Be its beginning in a matter of daring or of jest, by mistake or with deliberation, the act of passing, and in respect to racial identity, is not unique to the United States. But, with a relatively young history so defined by slavery and migration, it is the place that has long provided the most fertile ground from which to spring complex narratives of personhood – and to feed a hungry national imagination. And it is within this context, that Brit Bennett’s best-selling novel of last year The Vanishing Half finds its place. 

“The Vanishing Half” pub. Random House (2020)

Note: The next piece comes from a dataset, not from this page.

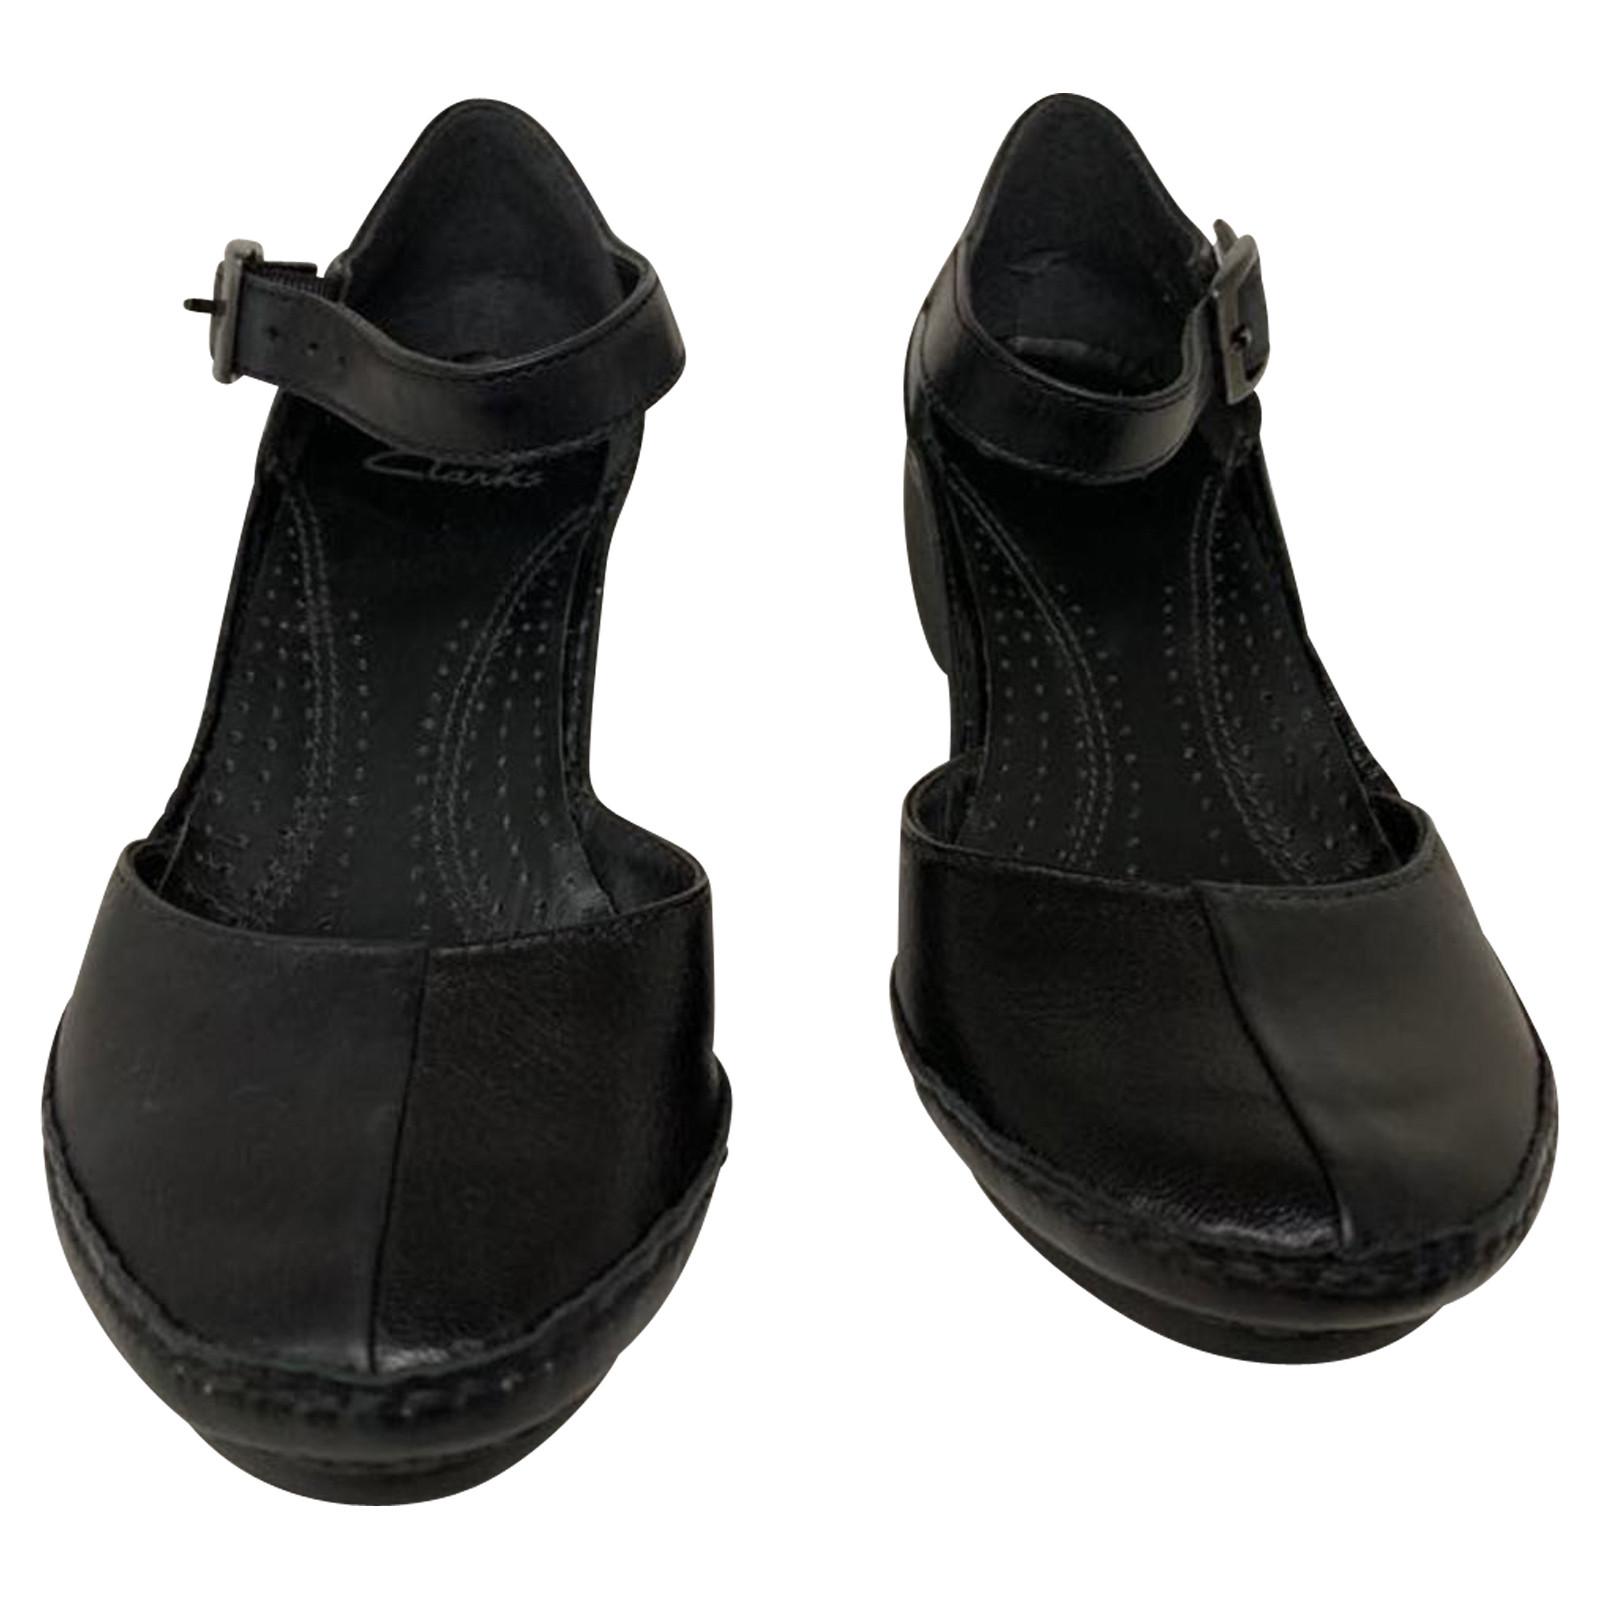 Clarks Sandalen aus Leder in Schwarz Second Hand Clarks

The title hints at where this novel may take the reader. Brit Bennett’s protagonists are the Vigne twins, Desiree and Stella. Twins are oft sought subjects in many branches of scientific research; for reasons that are as obvious as they are many. And most especially so should they be separated at birth; growing up under disparate socio-economic conditions, a nature versus nurture debate would be the consequence. However, as a fictional narrative device, twins with all their particular character attributes have been surprisingly neglected.

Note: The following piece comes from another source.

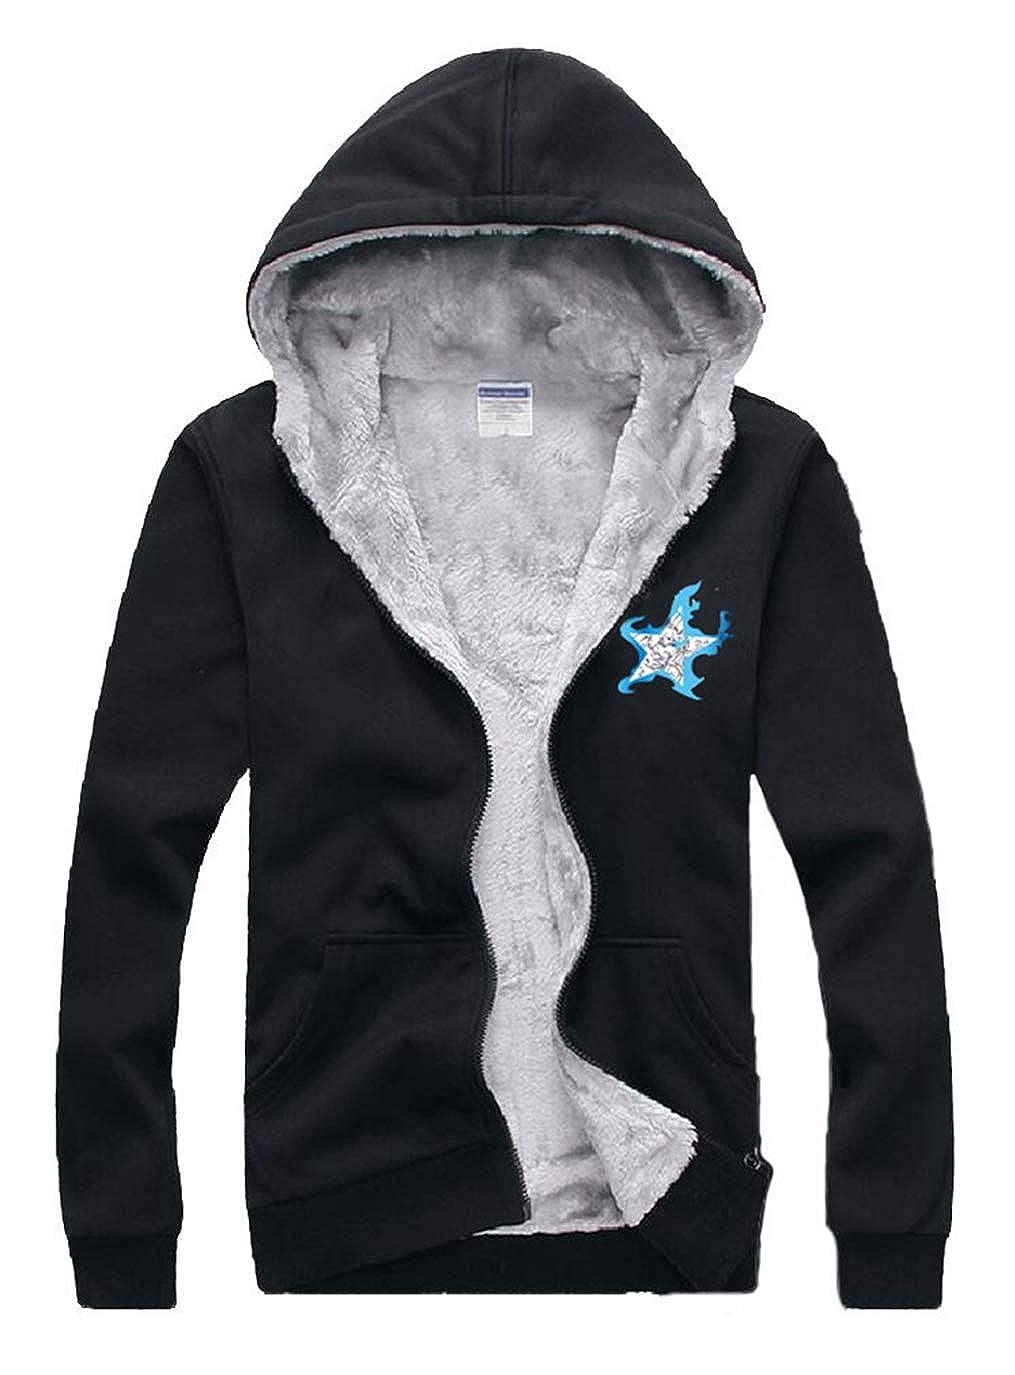 Schwarz 1 5XL Cosstars schwarz Rock Shooter Anime Unisex Reißverschluss Kapuzenpul r Winter Verdicken Warm Hoodie

Bennett gifts us such a literary pair. Desiree and Stella, are not separated early in their lives, and so not the best fit for scientific experiment; in fact, they grow up together in small town Louisiana of the 1940s and 50s, intimately bound in one another’s shadow and shared experience, both bearing the trauma of witnessing as children the lynching of their father, wanting only to escape the cruel hand dealt to their mother. And, what a peculiar small town this Mallard is! Populated, and most deliberately so, by “coloured” folk determined to get less so as generations pass, and the home-town twins a shining example of do-it-yourself social engineering.  A different sort of experiment. (I can’t help but wonder whether such a place as Mallard ever really existed, but it could be an imagined “coloured” – and uppity – version of Zora Neale Hurston’s Florida town of Eatonville in Their Eyes Were Watching God, which was inhabited and governed by Black people, and based on the real Eatonville that was the childhood home of Hurston. To digress: Now that is a novel I love, and must say something about sometime soon!)

Still together as teenagers, and on not much more than a whim, the girls flee their suffocating nest to the city of New Orleans. And, in search of what? Freedom, perhaps. Perhaps, not explicitly that for which their forbears had yearned for and fought for, but some how akin. As alike these light skinned pair physically, so different are they in temperament, but circumstances and chance then determine their fate – and that they will not share, for their ways now part. For the serious, reticent Stella it will mean leaving behind her very self; choosing instead a path paved with deceit, and for Desiree, in youth the so much more adventurous of the two, there will be only some years of adventure – ending badly, and back in Mallard. But both will bring forth a new generation; daughters who must make their own choices, but each burdened with those made by their mothers.